**TASK OBJECTIVE**
Whenever an image turns up, omit it and return the remaining data exactly.

--- COLLECTED MATERIAL Enclosed Below ---

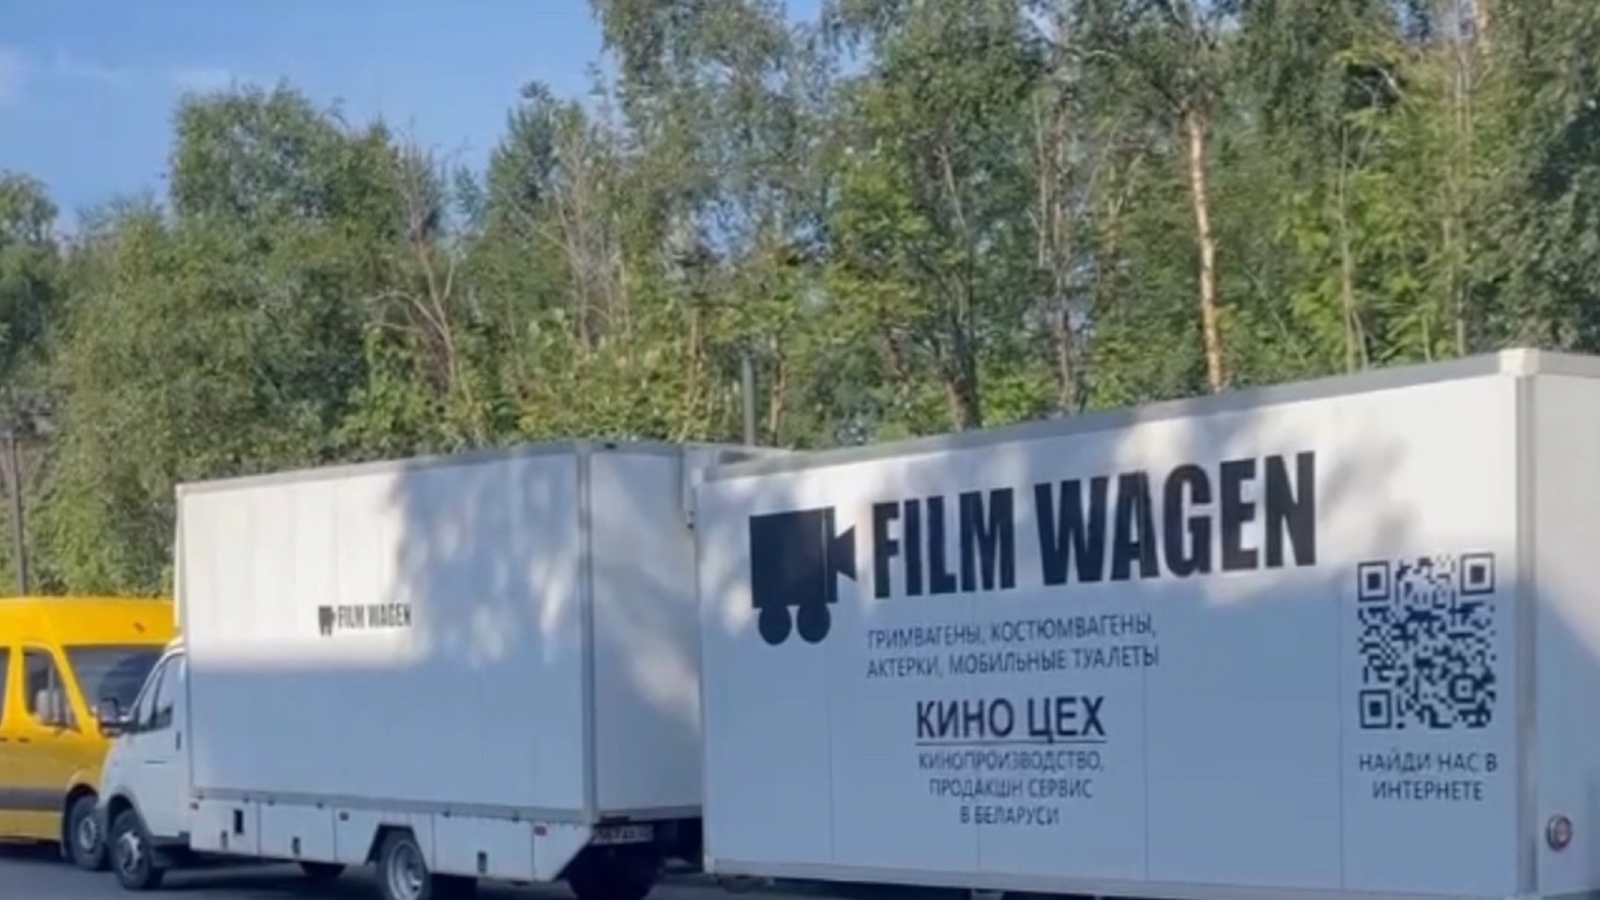 Киносъёмочные фургоны замечены в центре Мурманска 
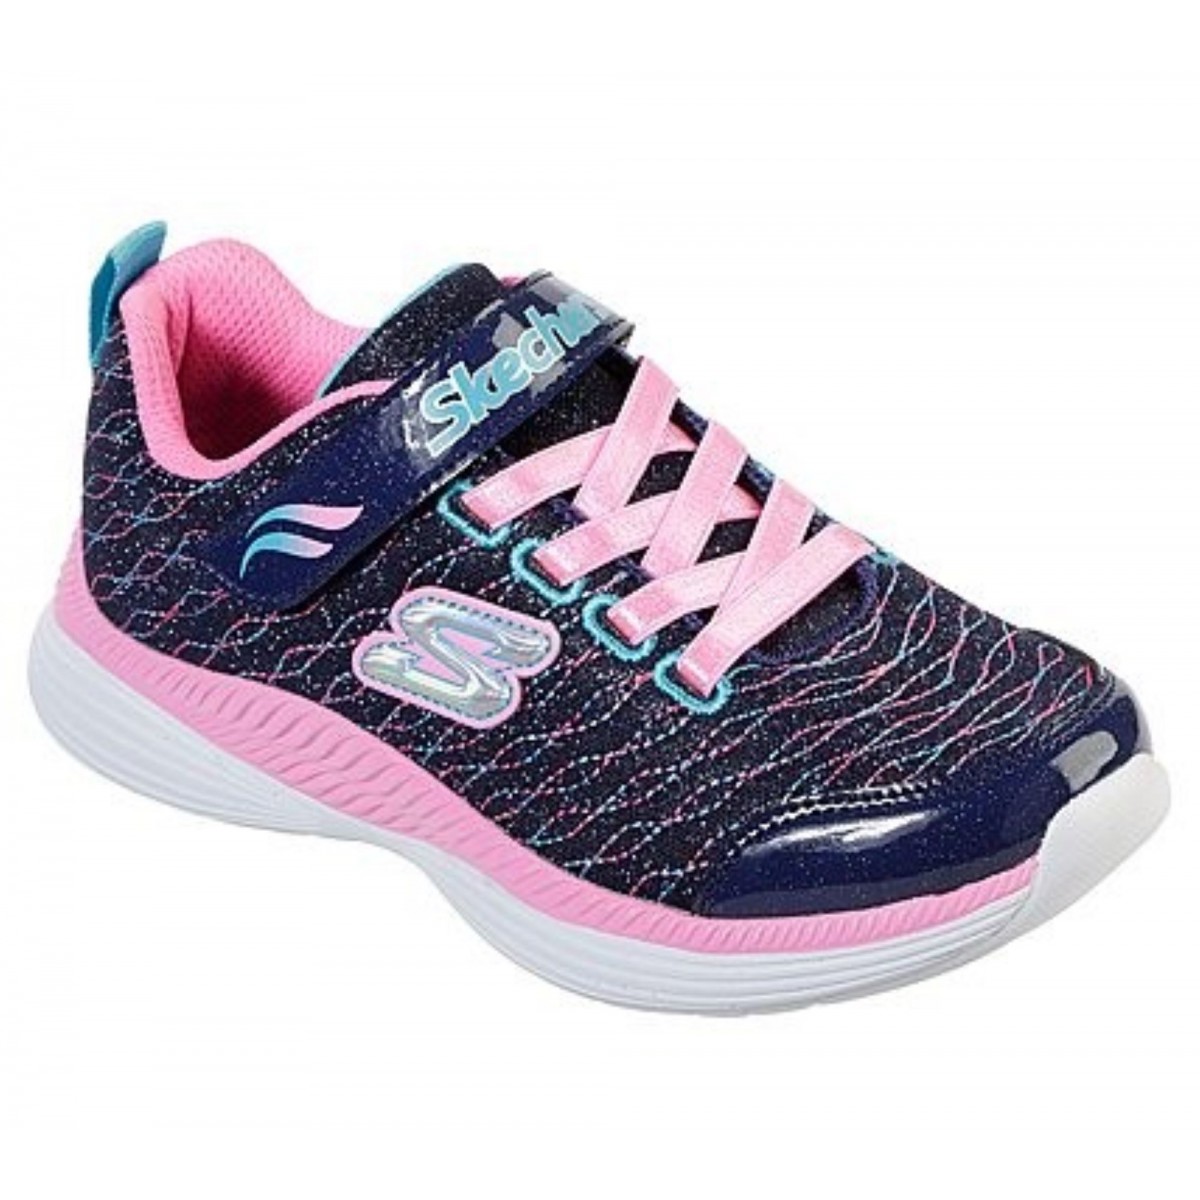 Skechers deportiva niña azul y rosa 83017l
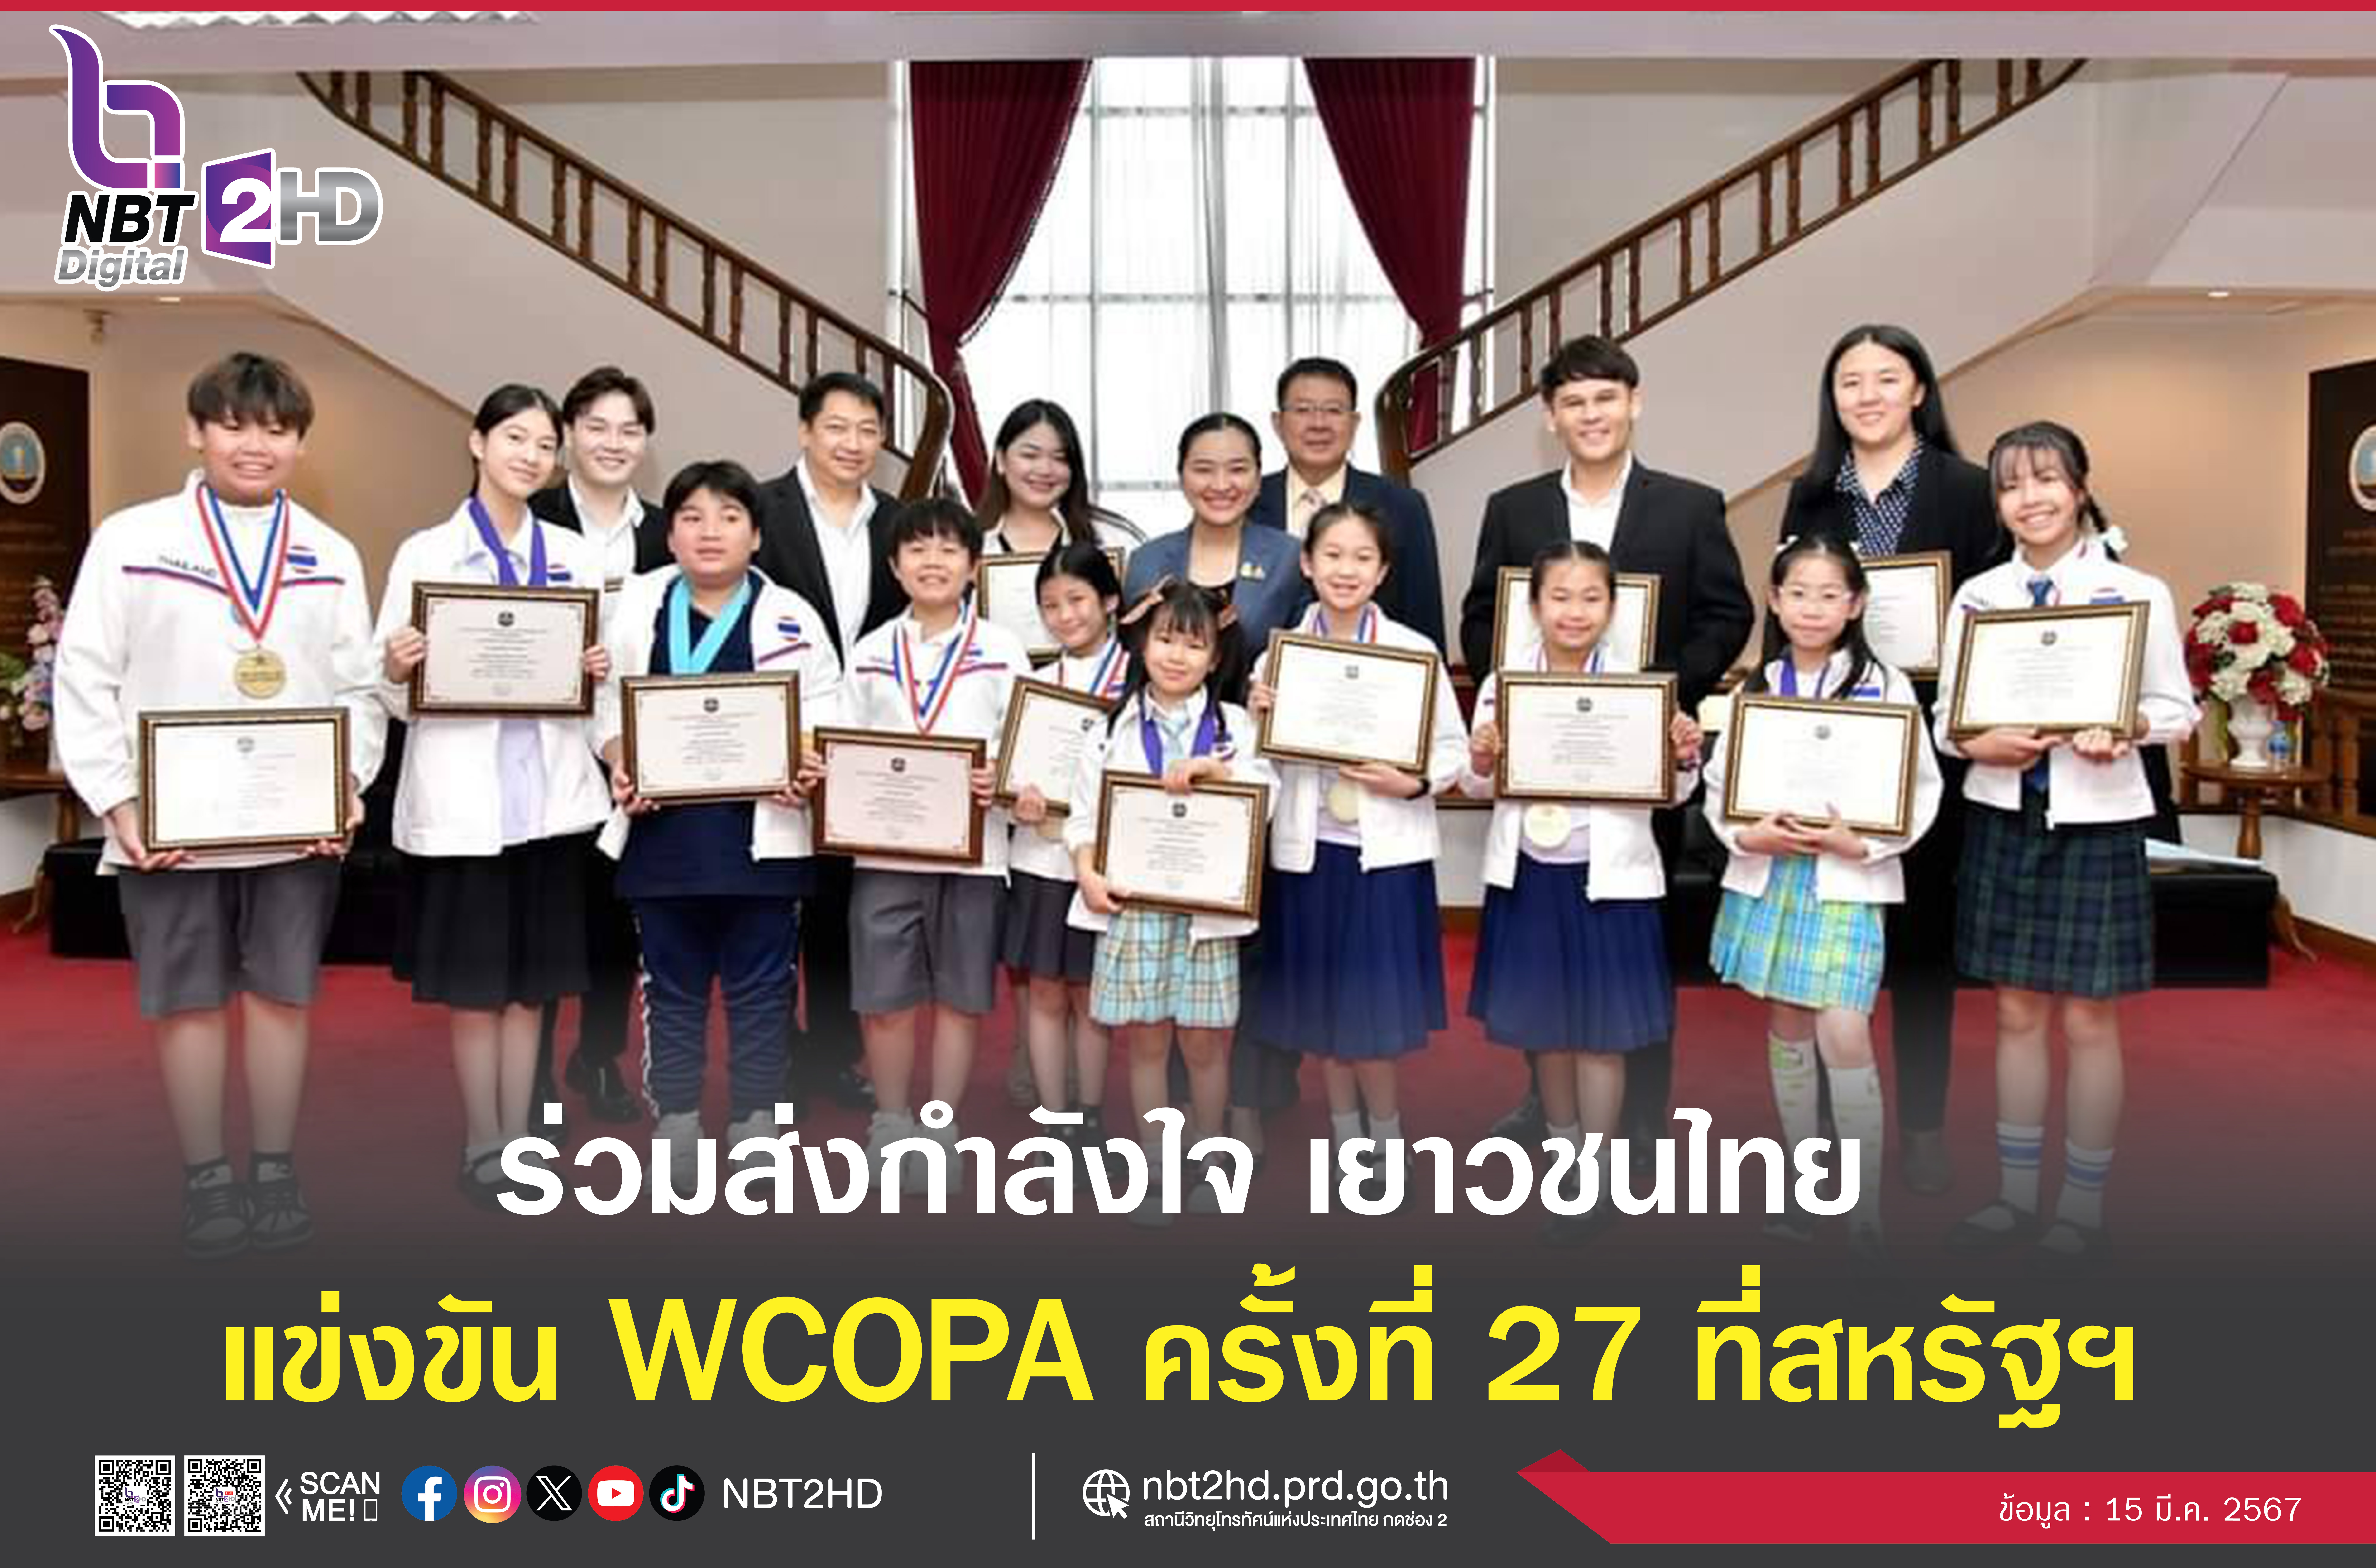 เชิญชวนร่วมส่งกำลังใจ ให้คณะเยาวชนไทยในการแข่งขัน WCOPA ครั้งที่ 27 ณ สหรัฐอเมริกา

--- End of Enclosed COLLECTED MATERIAL ---

**SOLUTION TO THIS EXERCISE**
 Киносъёмочные фургоны замечены в центре Мурманска 
 Skechers deportiva niña azul y rosa 83017l
 เชิญชวนร่วมส่งกำลังใจ ให้คณะเยาวชนไทยในการแข่งขัน WCOPA ครั้งที่ 27 ณ สหรัฐอเมริกา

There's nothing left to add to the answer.